Wednesday, June 10, 2009

Around The World In Eighty Years?



I have an intense fascination with beads. Quite possibly, an obsession. Beads have been around since the dawn of humanity. They were (and still are, in some places) our first form of currency. And, best of all, you can wear them! Our wise forefathers, deciding that the safest place to keep their valuables was under the woolly mammoth skin, on their very person; invented the hole.

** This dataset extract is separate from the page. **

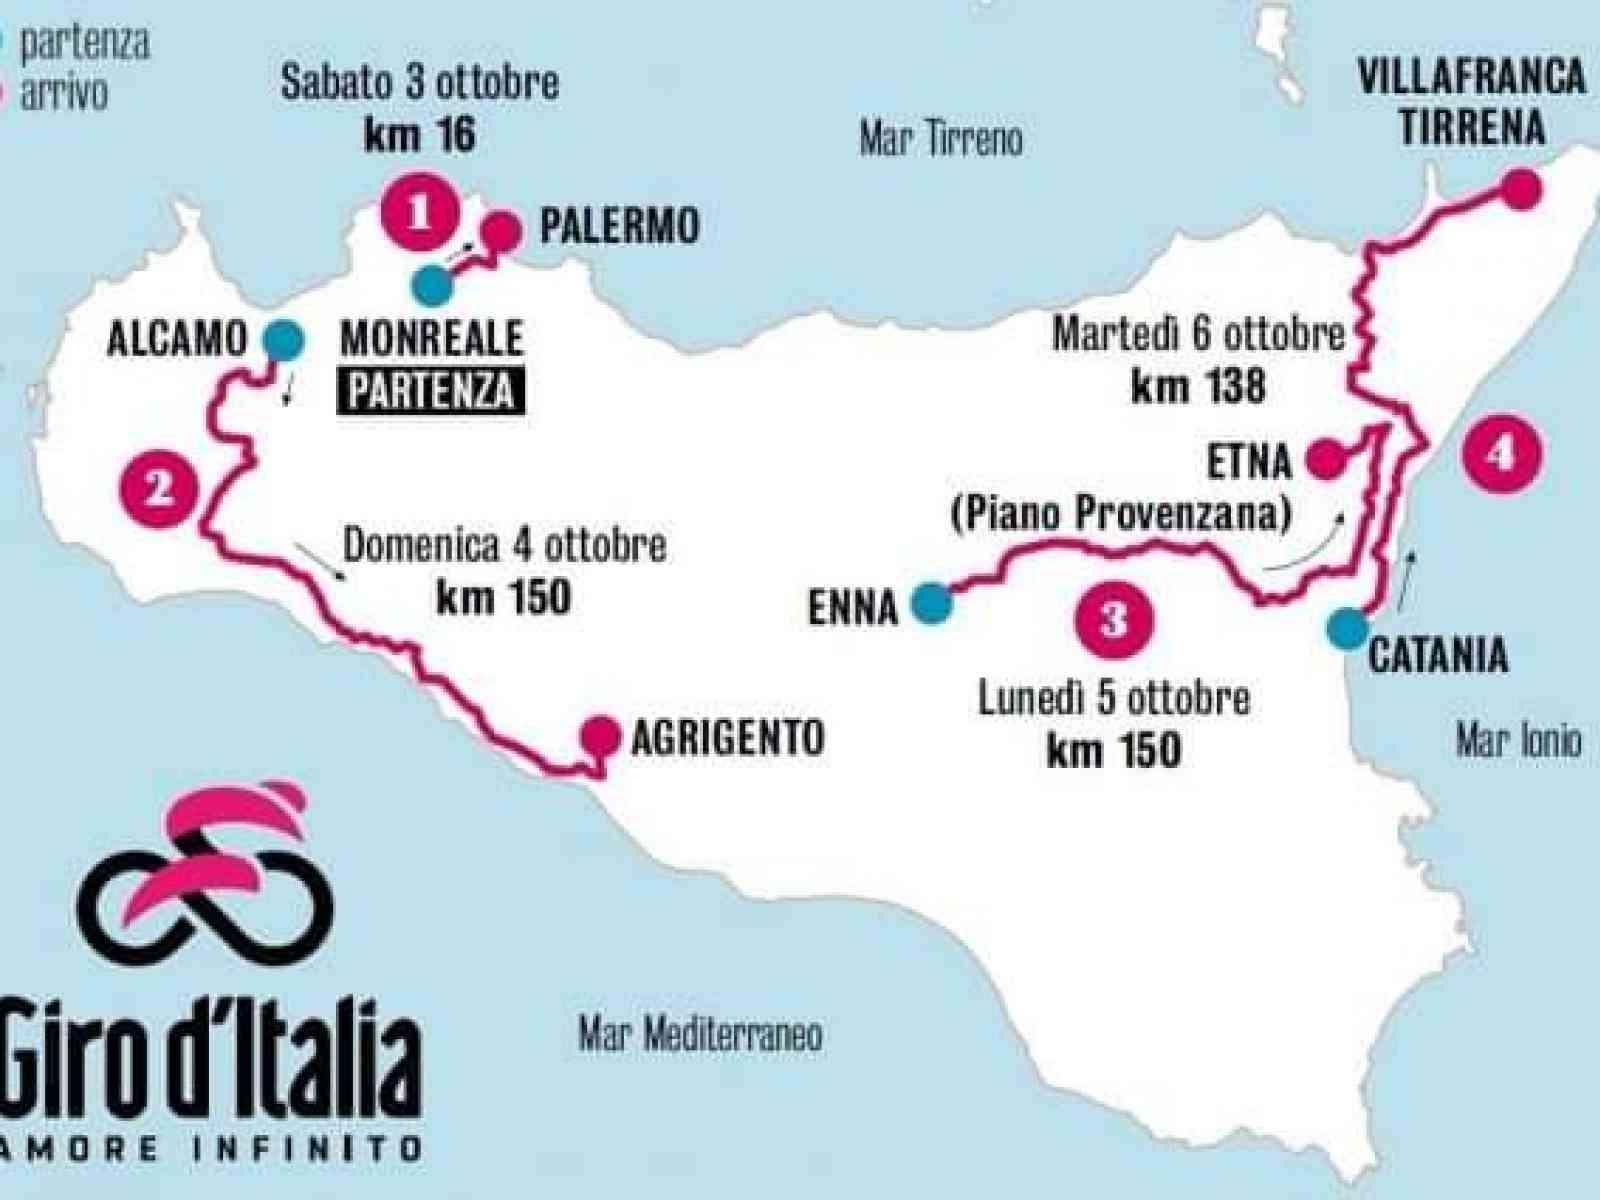 Immagine articolo: Giro d'Italia, nuovo asfalto e segnaletica sulla statale 115. Ecco la data prevista
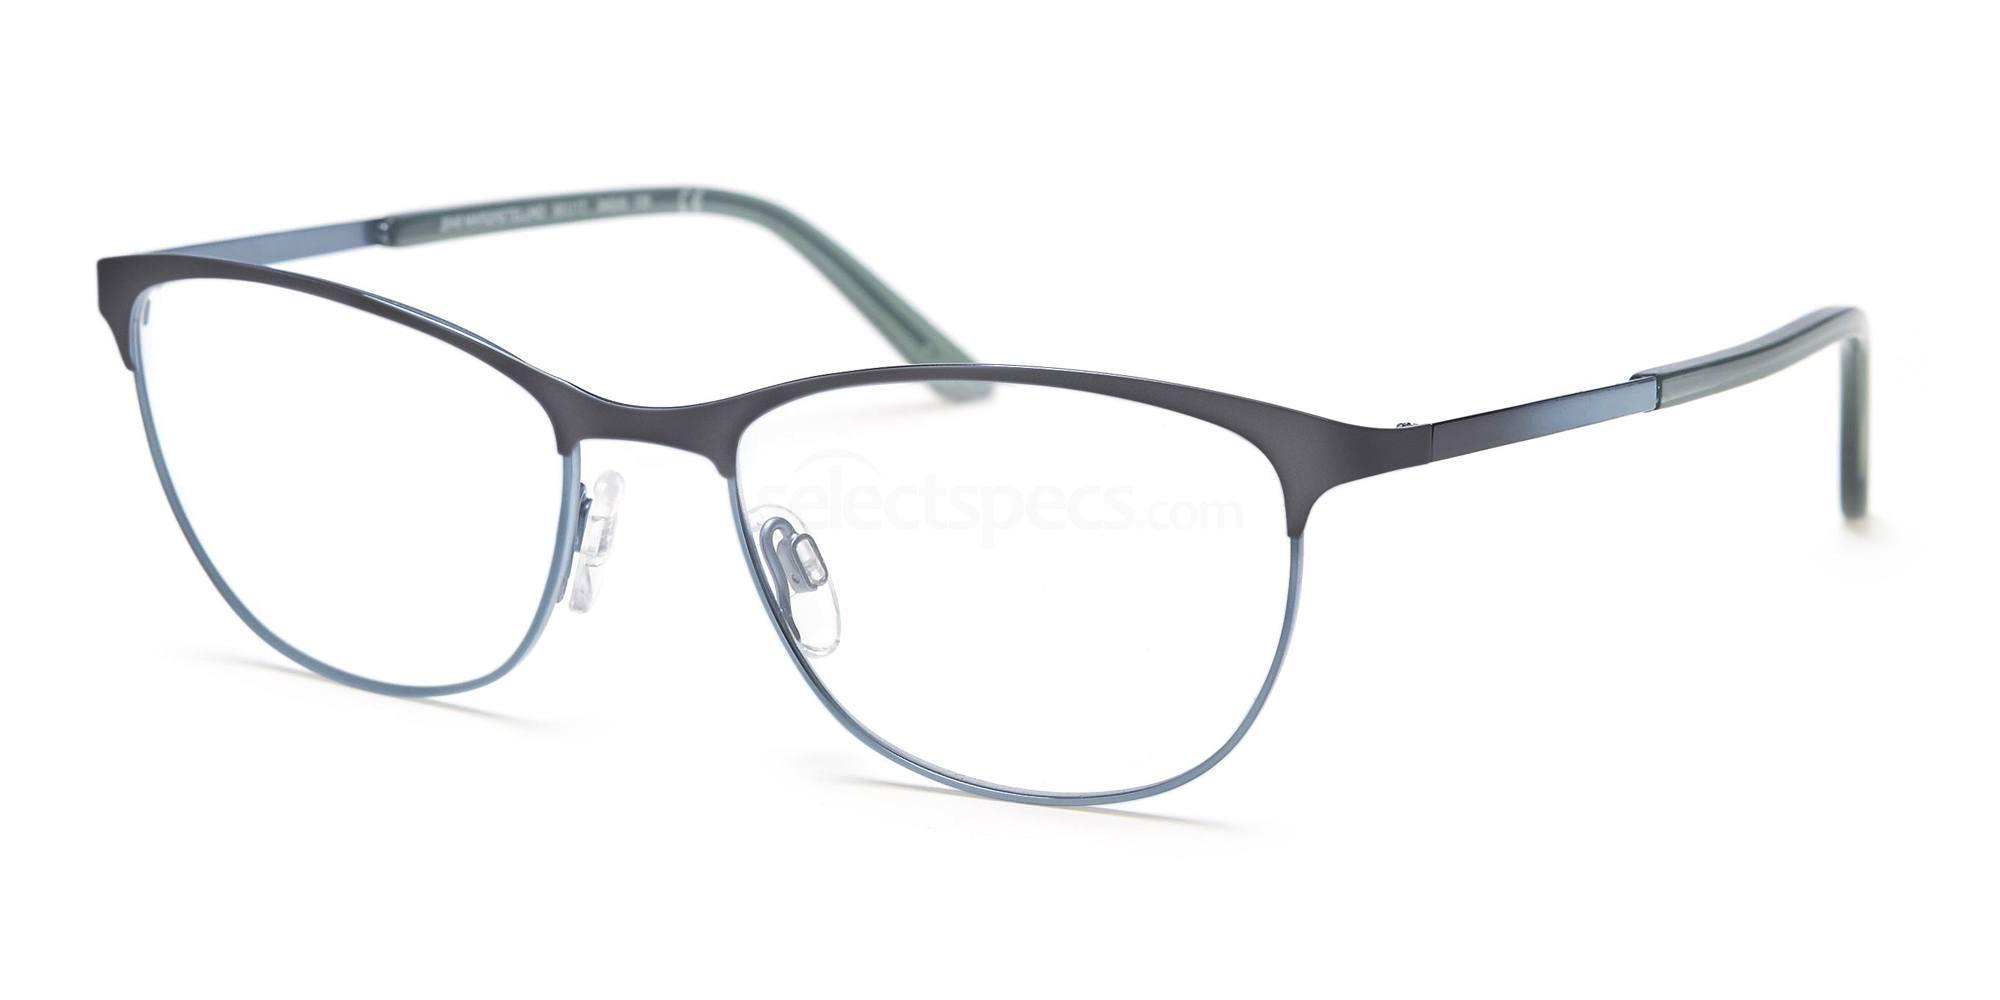 340 2649 MARGRETELUND Glasses, Skaga

Which caused the bead. And eventually, led to Bling. Then again, it was probably our wise foremothers who invented the hole. After the forefathers whined one too many times, "Honey, have you seen my striated agate trade stones? I know I left them on the shelf by the entrance to the cave when I emptied my mammoth skin pocket. But they aren't there nooooooow..."

I love local beads. The ones made of recycled soda cans in Mexico. Lava, in The Ring of Fire countries. Moose poop in Alaska. (I did not make that up.) I have spent a great deal of time in Indonesia; consequently, I have a lovely collection of Bali silver beads, Indonesian "mosaic" beads, and recycled Java glass.

Indonesia - Java, in particular, has been producing recycled glass beads for a long, long time. These beauties can be found in a rainbow of colors. They are frosty and rustic; and I love to combine them with shiny sterling silver. It is a happy and balanced combination.

The last time I was on Bali, I stopped by a favorite beading haunt; where I found the yummy lemony-yellow beads I featured in my "Jumpin' East of Java bracelet", shown above. My shopkeeper-friend had only a handful of them; she had gotten them from a market on Java. They were clearly quite old; and not frosty, like typical Indonesian recycled glass. I was dazzled; I bought the handful. Made and sold several "Jumpin' East of Java" bracelets; kept one for myself.

Fast-forward to yesterday:

I have bunches of vintage crystals, and some of them have a secret. They are Vaseline Glass; which was made around the turn of the 20th century. For the amusement of those stuffy Victorians, who thought that having jewelry, and even tableware, that would glow under ultra-violet light might be fun. (Ooh, gut-punch to all the aging hippies - we did not invent black light to light up our Free Love posters! Johann Ritter discovered it in 1801! Way before posters!) So, glass artists added a little uranium to their glass recipes to make the glass glowy - no worries, it is not a dangerous level; and the glass is a natural barrier anyway - and made all kinds of fun stuff. Including some really awesome beads!

Most of the Vaseline Beads were made by the popular beadmakers of the times, the Italians, Bohemians and Czechs. Eventually, This War and That War gobbled up the uranium reserves, and Vaseline Bead production fizzled.

So, anyway. Yesterday I had this notion that I would like to make some Vaseline Glass earrings. I went down to the studio with my portable black light, to scan my box of crystals for glowy beads. Lights off, black light on, dozens of glowy crystals in the crystal box, and...whoa...what was that I saw out of the corner of my eye? The. Java. Beads. Were...GLOWING!!!???


Indonesia didn't make Vaseline Glass. I knew the shopkeeper who sold me the beads. I knew she got her stock on Java. How the heck did the Vaseline Glass get to an Indonesian island?

The plot thickens.

A little research turned up a strand of beads that matched mine exactly. They are Bohemian, made in 1915; for trade to Mali. Mali, with an "M"; close phonetically to "Bali" but far away, in Africa.

These rare little gems left Old Bohemia in the early 20th century, headed to Africa. Sometime between 1915 and 2007, they found their way to Java, and then to Bali. Then, via Singapore, to Atlanta, GA...and now they are scattered to the US winds. Oh, the stories they could tell...

Like I said,

I have an intense fascination with beads. Quite possibly, an obsession.